В Тифлисе Мария нашла лишь осколки былого общества, в котором она намеревалась блистать. И Вартанянцы, ставшие Вартановыми, встретили ее весьма сдержанно, но она была молода, и, обладая большой силой воли, не отступила перед невзгодами. Она стала строить «свой дом» в выделенной молодым небольшой комнатушке, тем более что наступивший «нэп» с его артелями и «обществами взаимного кредита» облегчал эту задачу. Билась она одна: на Коле — потомке нескольких поколений хватких и энергичных купцов — природа отдыхала, и его любимым видом деятельности были дружеские застолья и карточная игра.

Тем не менее, усилиями Марии к концу двадцатых они жили довольно прилично. У Марии появились изысканные наряды и драгоценности, к которым она была неравнодушна с детства, и, возможно, когда Мака и Люба Булгаковы обедали в знаменитом духане «Симпатия», рядом с ними шумело застолье с участием Марии и Коли.

Марии тогда было тридцать лет, она цвела, и нет ничего удивительного в том, что один из друзей ее юности, отец которого был инженером, служившим до революции в представительстве одной из европейских фирм в Тифлисе и уехавшим с семьей на Запад, случайно встретив ее в это время в Батуми, — он был старшим механиком на большом французском пароходе, сразу же предложил уехать с ним. И еще несколько лет подряд, когда его пароход швартовался в Батуми, Мария получала открытку на французском языке, извещавшую ее о том, что предложение остается в силе.

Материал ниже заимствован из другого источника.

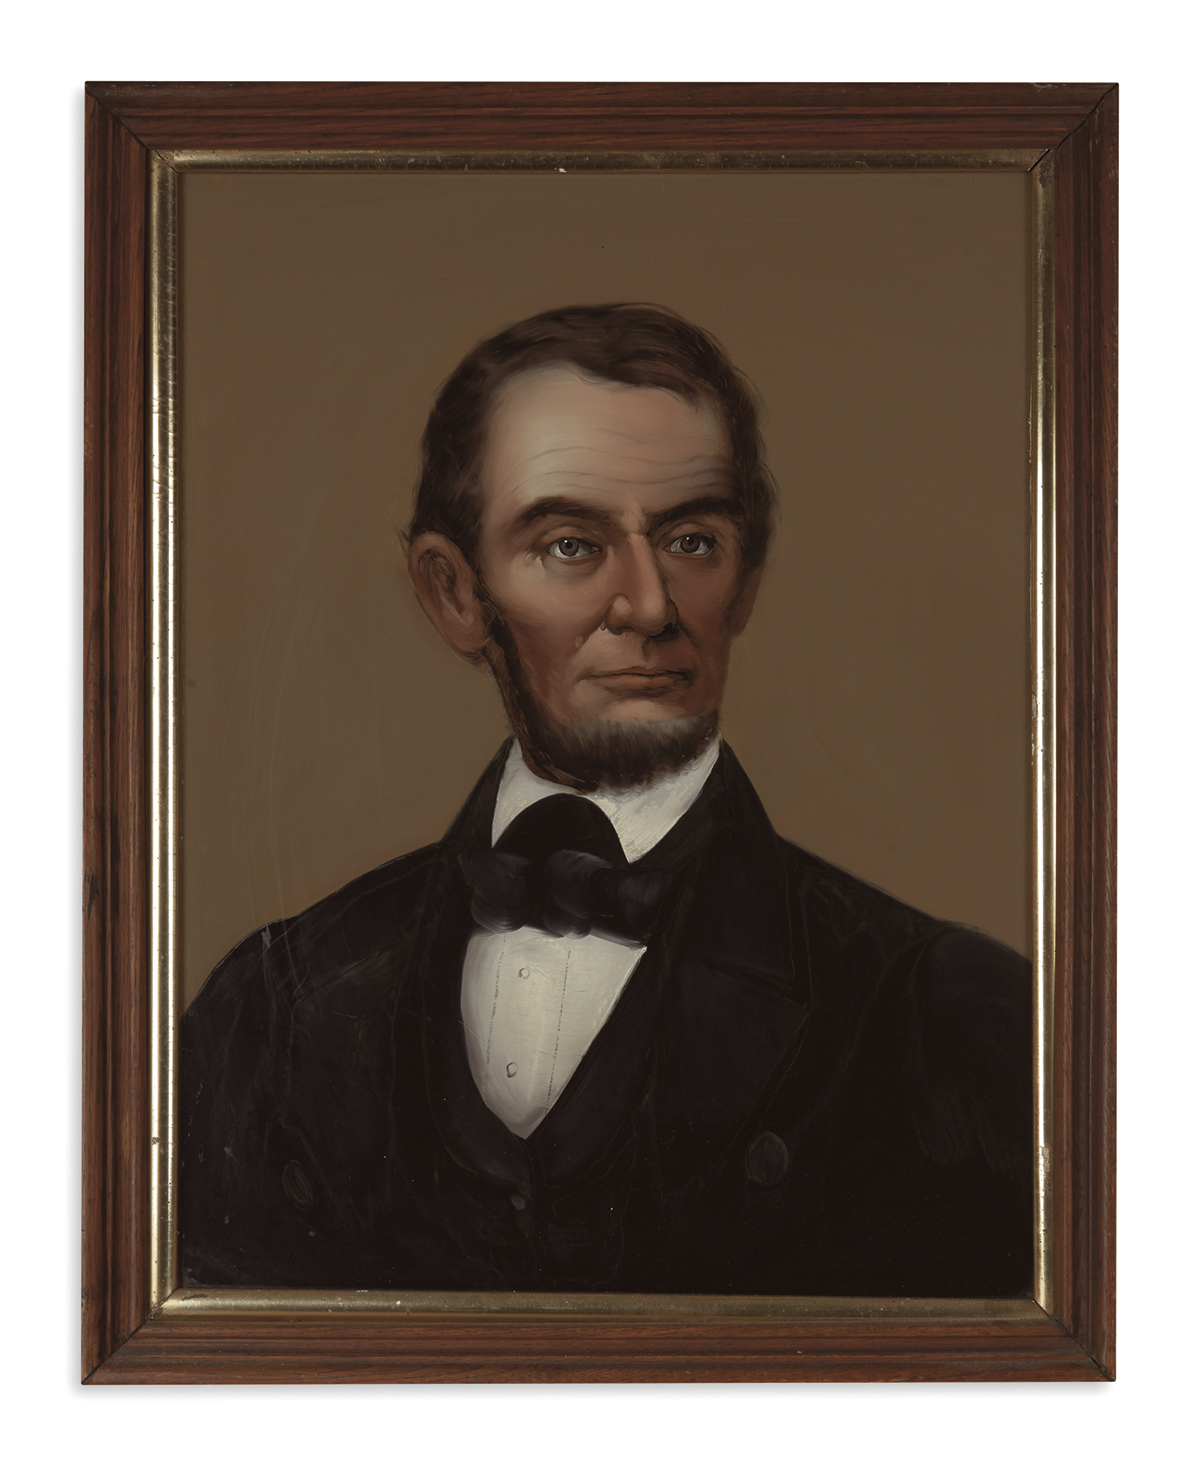 (PAINTINGS.) [Prior, William M.?] Reverse glass portrait of Lincoln.

Предсмертные судороги «нэпа» сильно ударили по их благополучию. С какой-то разгромленной «социалистическим государством» артелью «замели» Колю. В это время у них уже была маленькая дочь Ирочка, и Мария отвезла ее к родителям в Харьков, а сама вернулась в Тифлис вызволять Колю. На его освобождение ушли все деньги и ценности, а когда он вышел на свободу, их маленькой Ирочки уже не было в живых — ее унесла дизентерия.

И ей, почти в одно и то же время, что и Любе, опять пришлось начинать все сначала. Правда, у нее был Коля, но «лучше бы его не было: он мне испортил всю жизнь», — скажет она потом Ли.

Тем не менее, уже перед войной их жизнь кое-как наладилась. Именно в эти годы важной «движущей силой общественных отношений» становится постоянно присущий социалистической экономике «дефицит», и Мария не сидит сложа руки. Время от времени она где-то числится на постоянной работе, но вся ее энергия уходит на удовлетворение «дефицита». При этом, ей, естественно, необходим Коля и необходимо, чтобы он хоть где-нибудь и кем-нибудь постоянно работал. Война и первые послевоенные годы еще более обострили «дефицит», и их существование становится безбедным. Конечно, Марии досаждают кутежи и карточная игра мужа, но разрыва она не хочет. Теперь ее идеал сузился до мечты о полной материальной независимости и доме, где она могла бы принимать своих, тогда еще довольно многочисленных, подруг по заведению святой Нины, чтобы быть принятой в их домах ответно, чтобы у нее был свой круг.

Когда к пятидесятым все это стало налаживаться, заговорила валаамова ослица: вдруг у нее начались проблемы с Колей, которого она считала навечно прикованным к себе цепью обеспеченности и благополучия. Но, к ее удивлению, оказалось, что и на него кто-то может иметь виды. Остаться совсем одной на пороге шестидесятилетия ей очень не хотелось, и она решительно и жестко разрушает любовные планы своего спутника жизни, растаптывает его розовые мечты о новой, еще более приятной форме существования. Как она этого добилась — осталось в тайне, но этот жгучий роман заканчивается тем, что Коля под ее диктовку пишет «разрывное» письмо своему «предмету». Когда Ли читал сохранившийся черновик этого письма, он был поражен: оно сплошь состояло из слов и выражений, которым в заведении святой Нины никогда не учили.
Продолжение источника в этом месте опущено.